ACTION ITEM -> Please write out only the lines from the line with "Fog on the horizon by Annie Wildey" to the line with "694747 - La", inclusive, exactly as they stand below, without the pictures.

MATERIAL PROVIDED ->
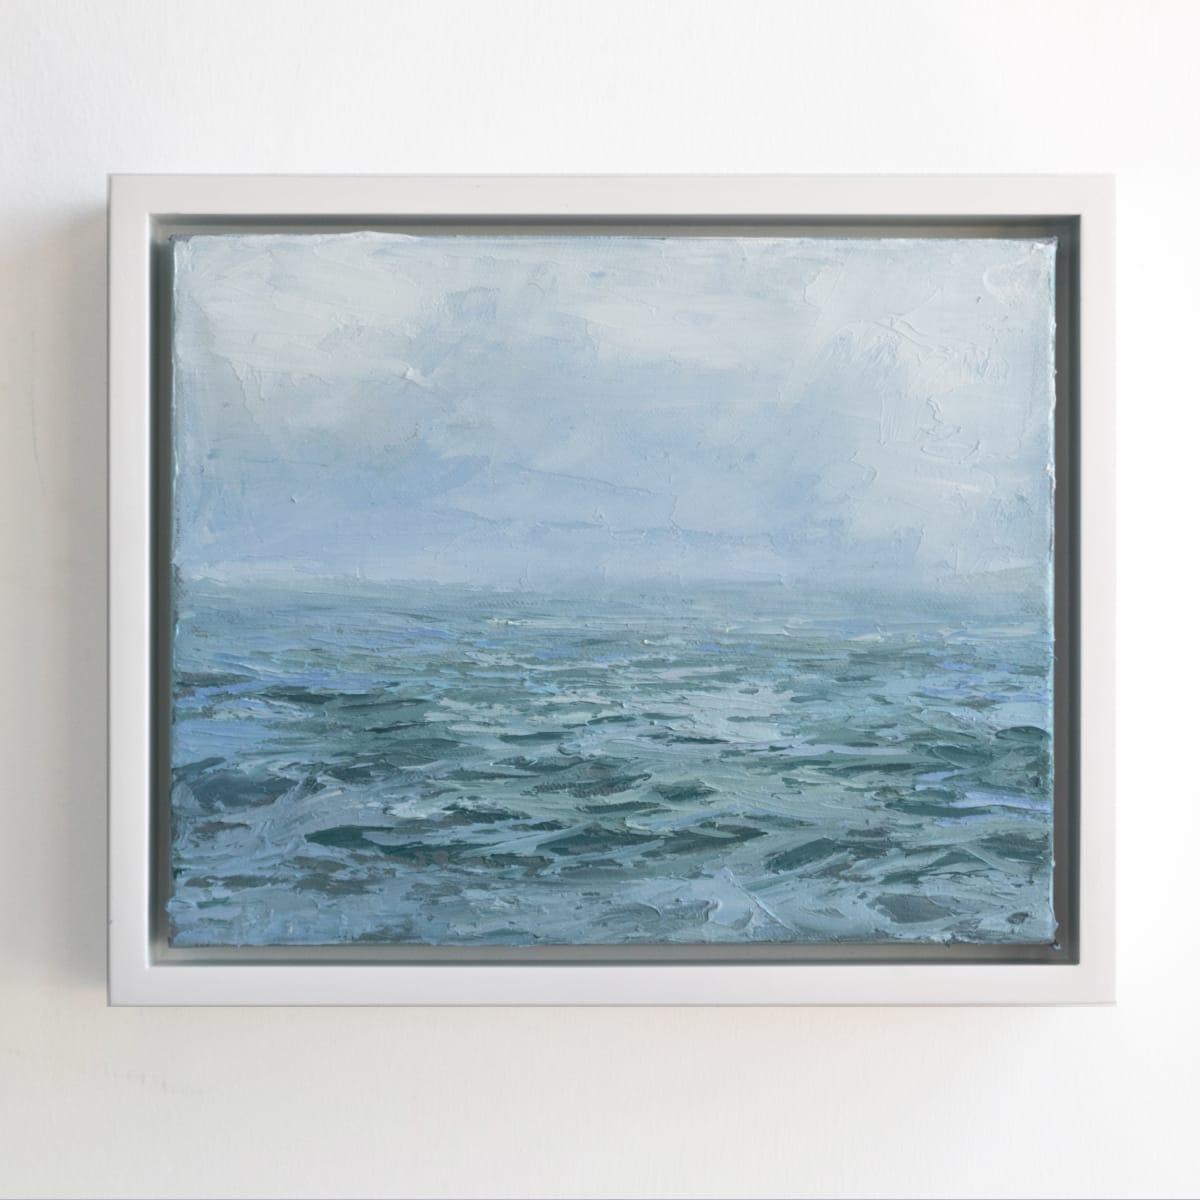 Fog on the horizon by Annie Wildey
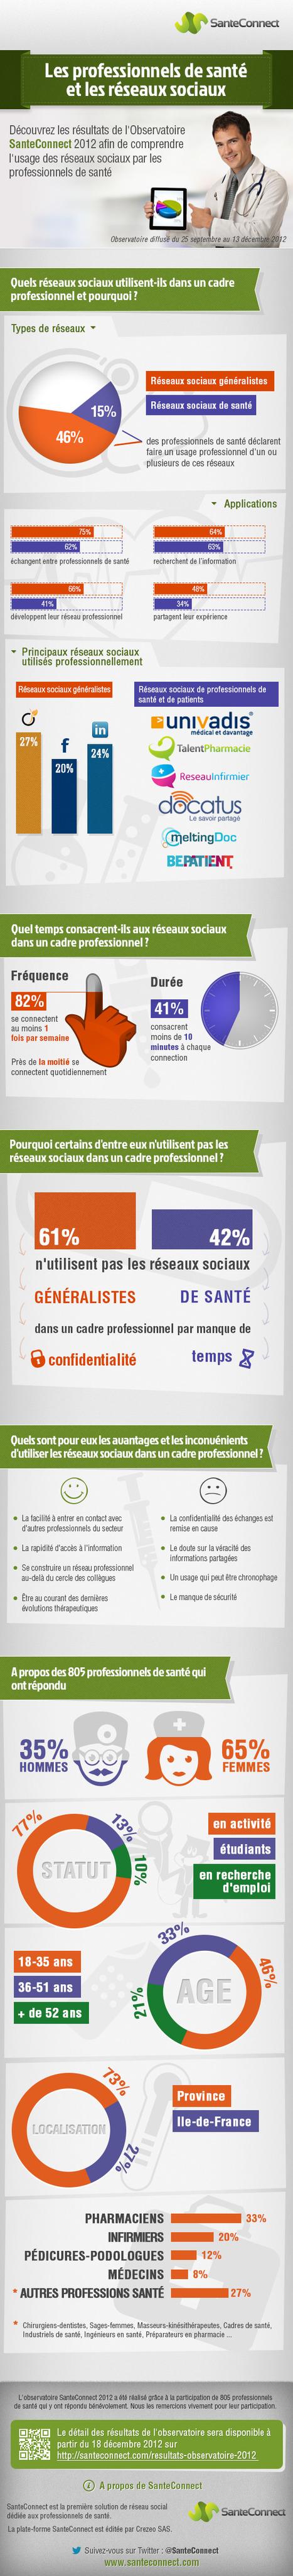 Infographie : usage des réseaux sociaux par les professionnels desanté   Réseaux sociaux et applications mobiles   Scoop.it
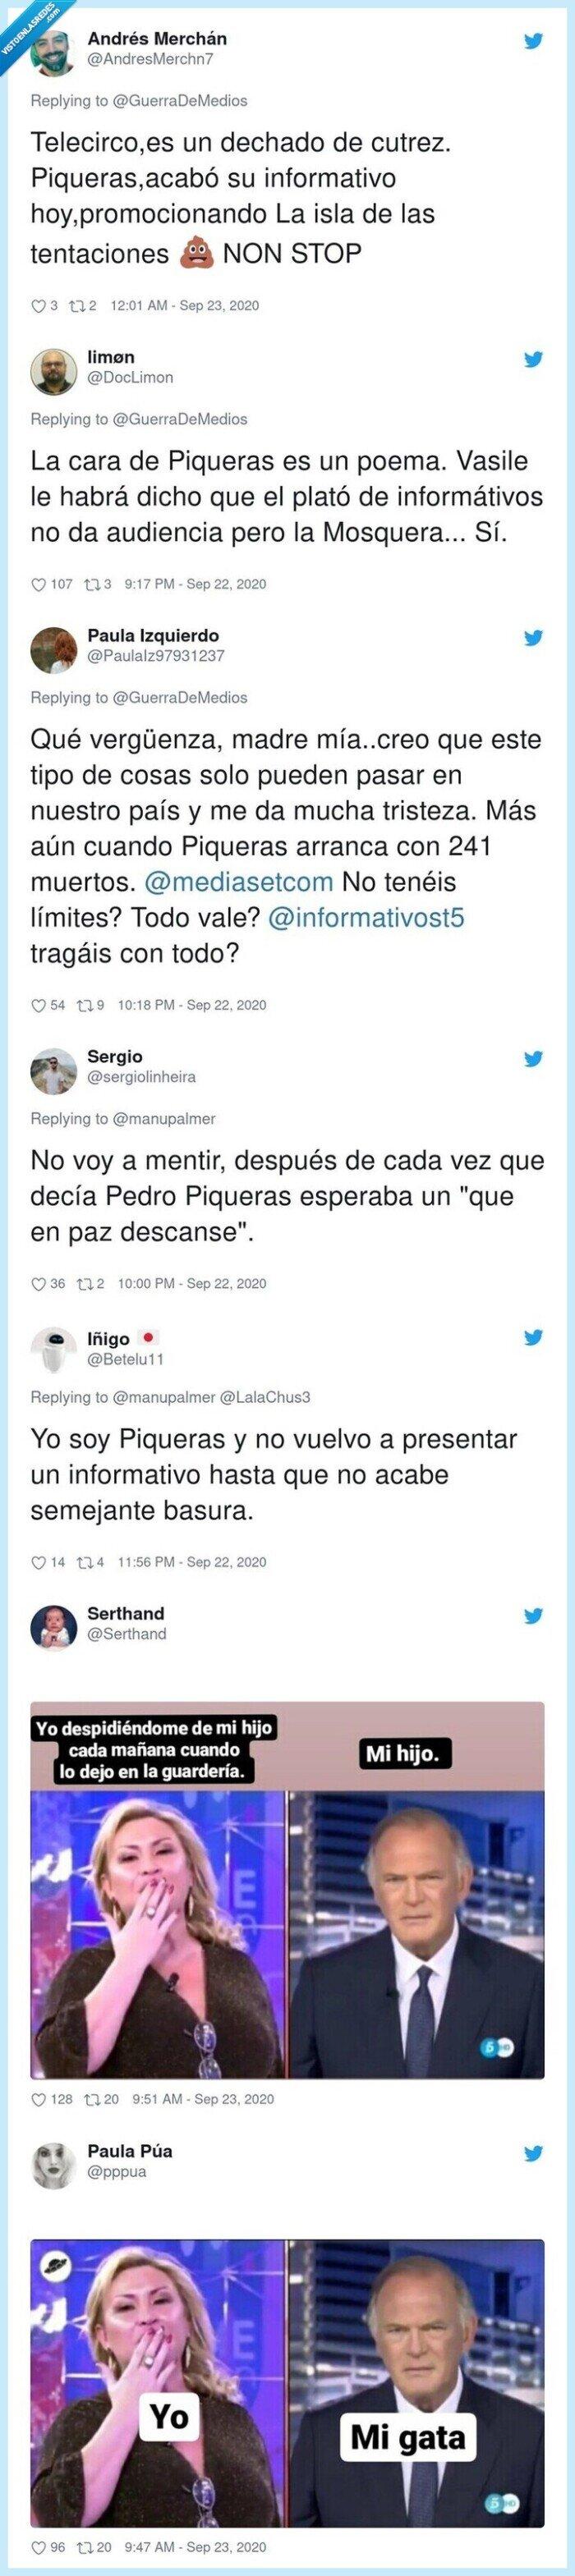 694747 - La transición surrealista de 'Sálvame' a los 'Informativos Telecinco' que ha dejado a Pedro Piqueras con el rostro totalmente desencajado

* * *

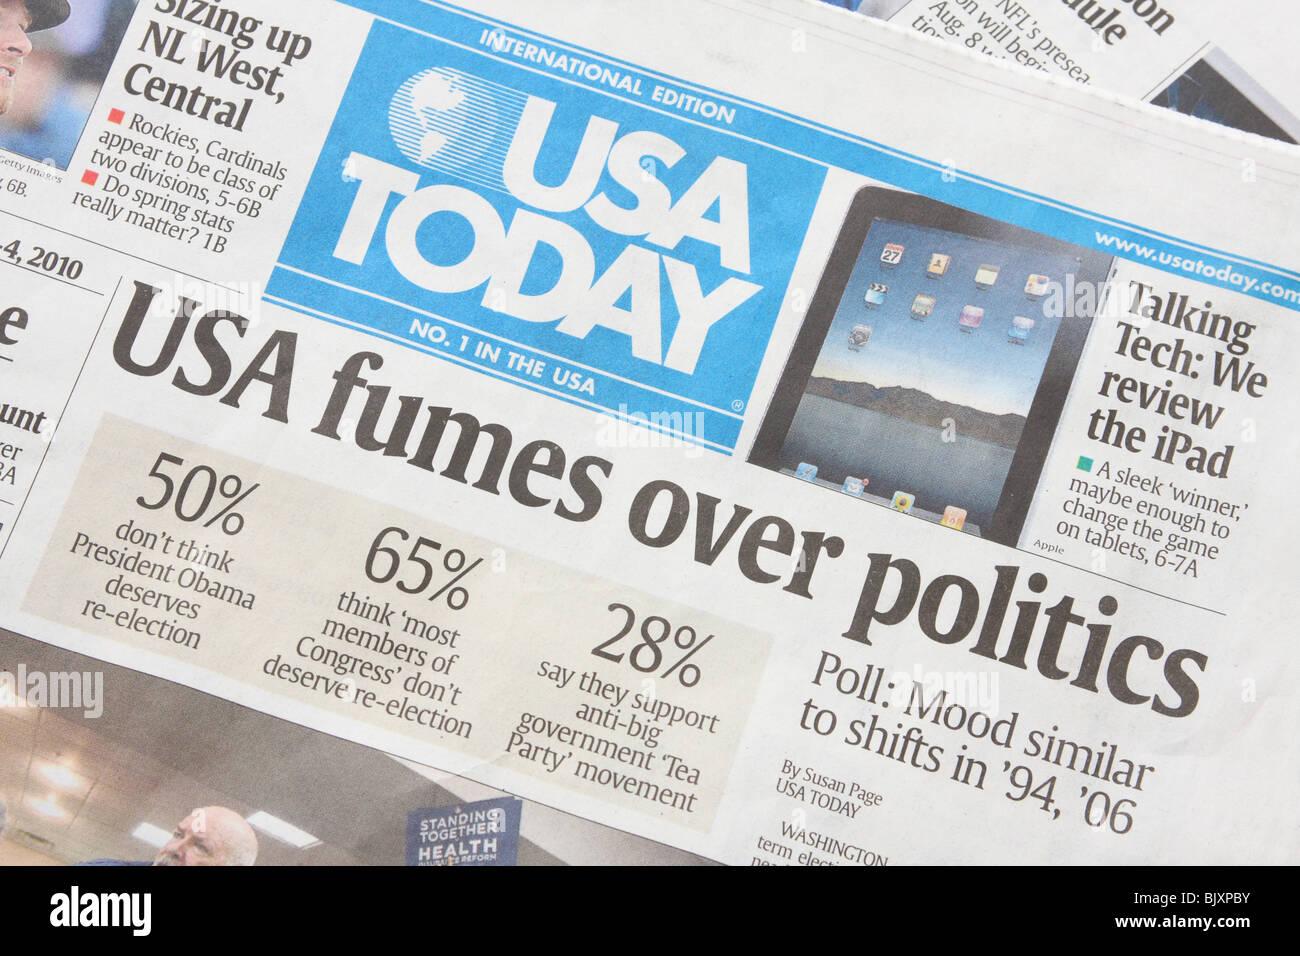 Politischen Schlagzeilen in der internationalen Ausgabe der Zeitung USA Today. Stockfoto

RESPONSE AREA ->
 Fog on the horizon by Annie Wildey
 Infographie : usage des réseaux sociaux par les professionnels desanté   Réseaux sociaux et applications mobiles   Scoop.it
 694747 - La transición surrealista de 'Sálvame' a los 'Informativos Telecinco' que ha dejado a Pedro Piqueras con el rostro totalmente desencajado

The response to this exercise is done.